Given data:
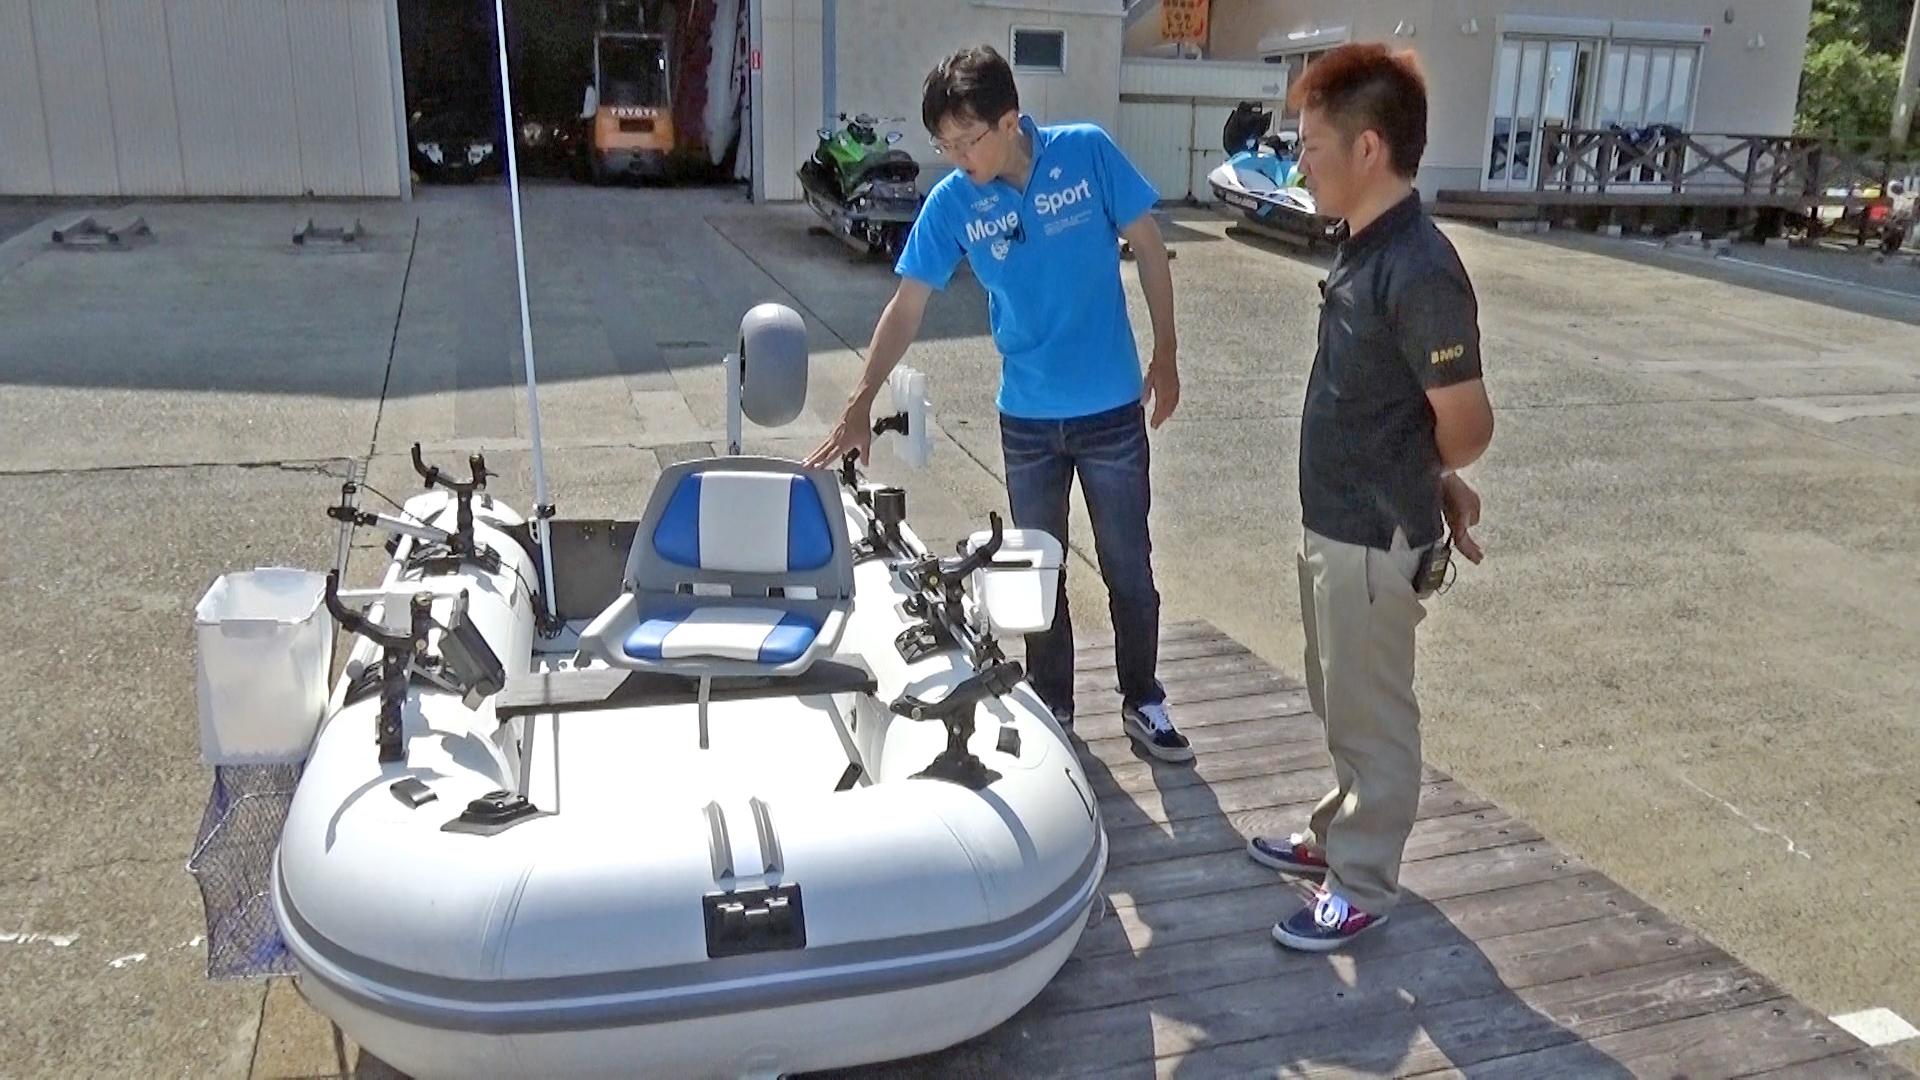 【ワントゥーフィール 第1回】BMOゴムボート艤装アイテム
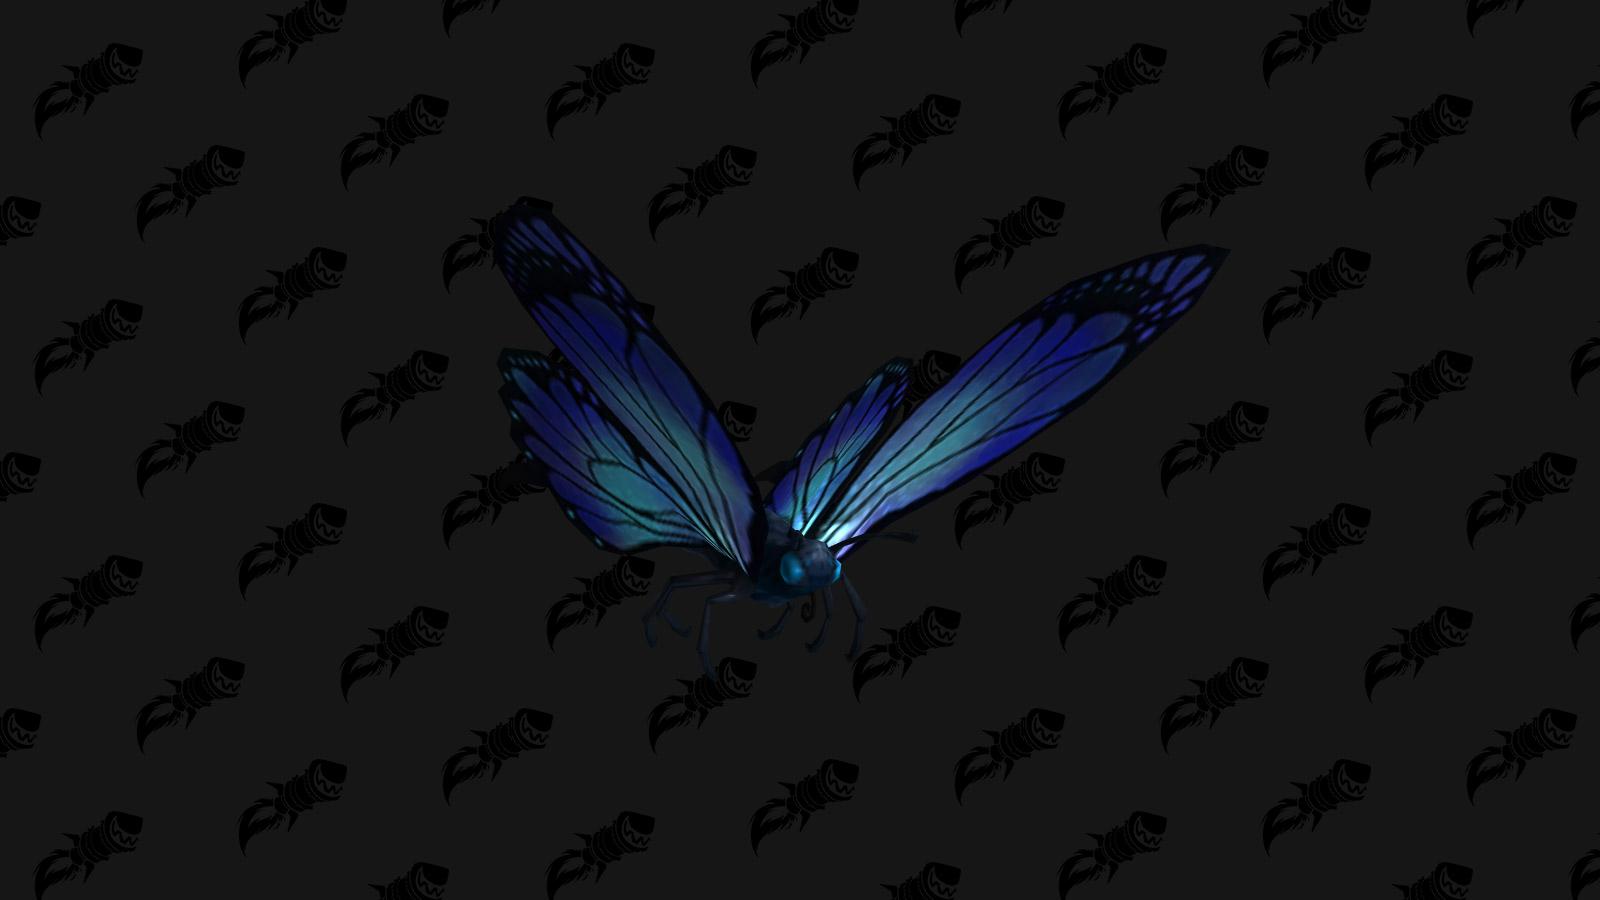 Papillon en bocal, mascotte BFA qui s'achète contre des charmes polis
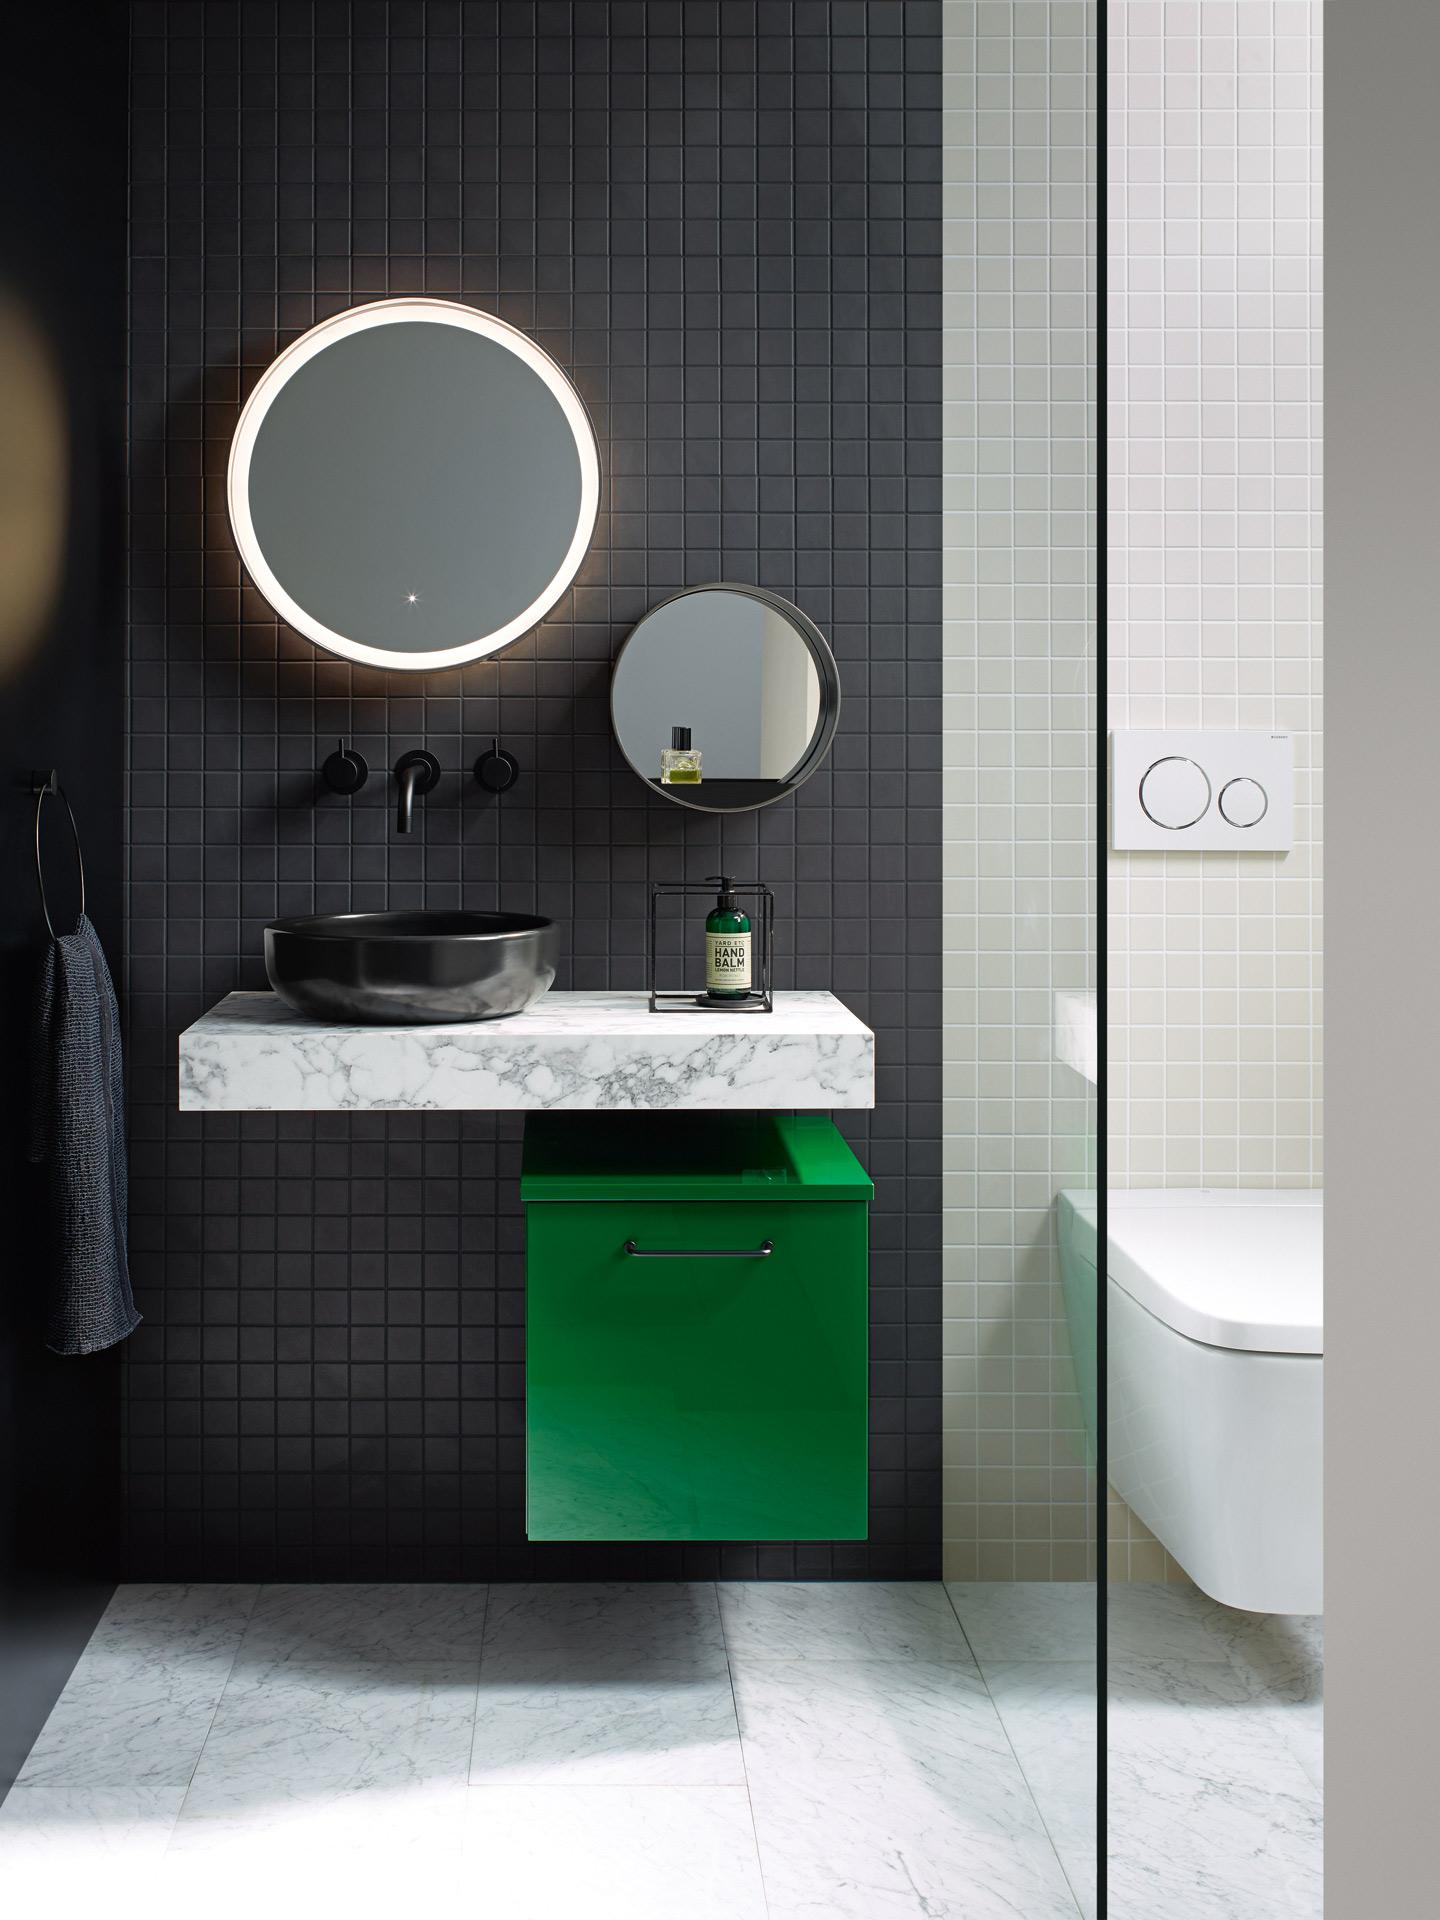 burgbad hat sein markenprogramm sys30 um neue und teils knallige farben erg nzt f r mehr. Black Bedroom Furniture Sets. Home Design Ideas
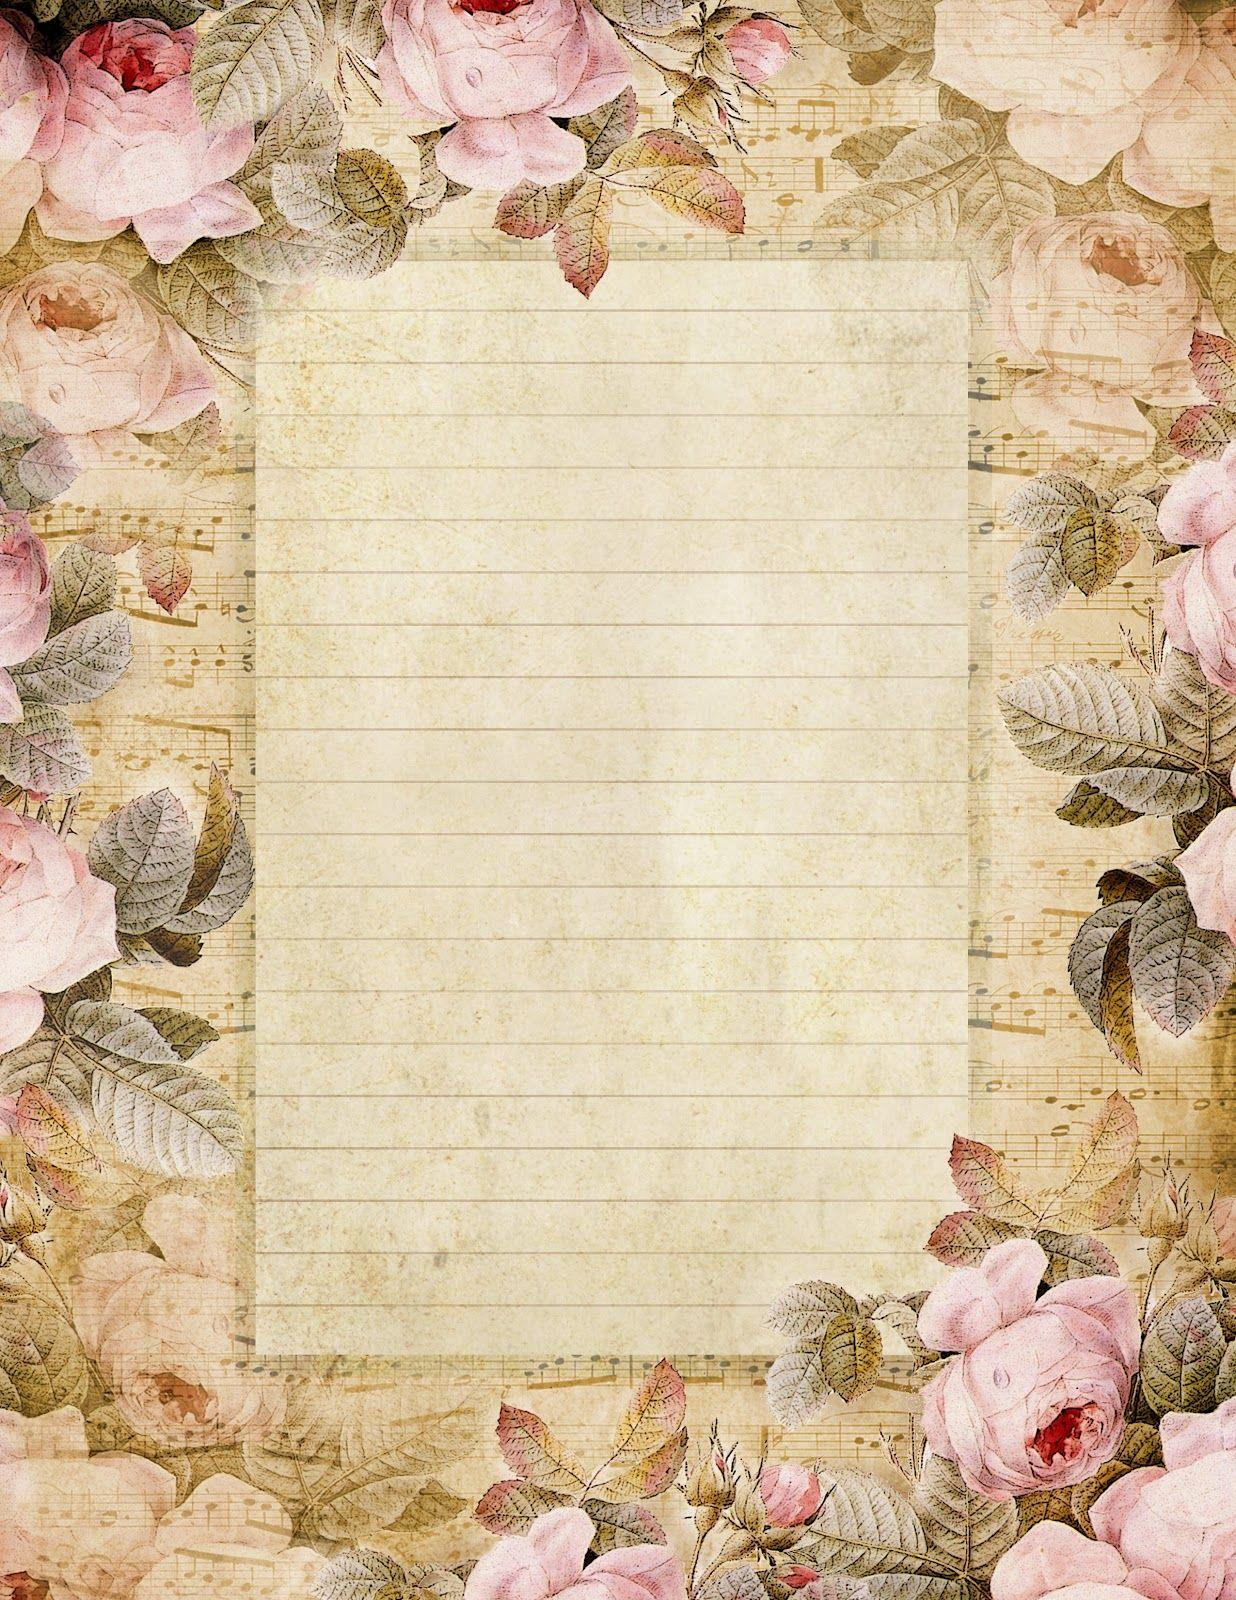 Фоны для открыток и писем

Aim of the exercise:
Restate the whole listing word for word. Omit the pictures.

Result of the task:
 【ワントゥーフィール 第1回】BMOゴムボート艤装アイテム
 Papillon en bocal, mascotte BFA qui s'achète contre des charmes polis
 burgbad hat sein markenprogramm sys30 um neue und teils knallige farben erg nzt f r mehr. Black Bedroom Furniture Sets. Home Design Ideas
 Фоны для открыток и писем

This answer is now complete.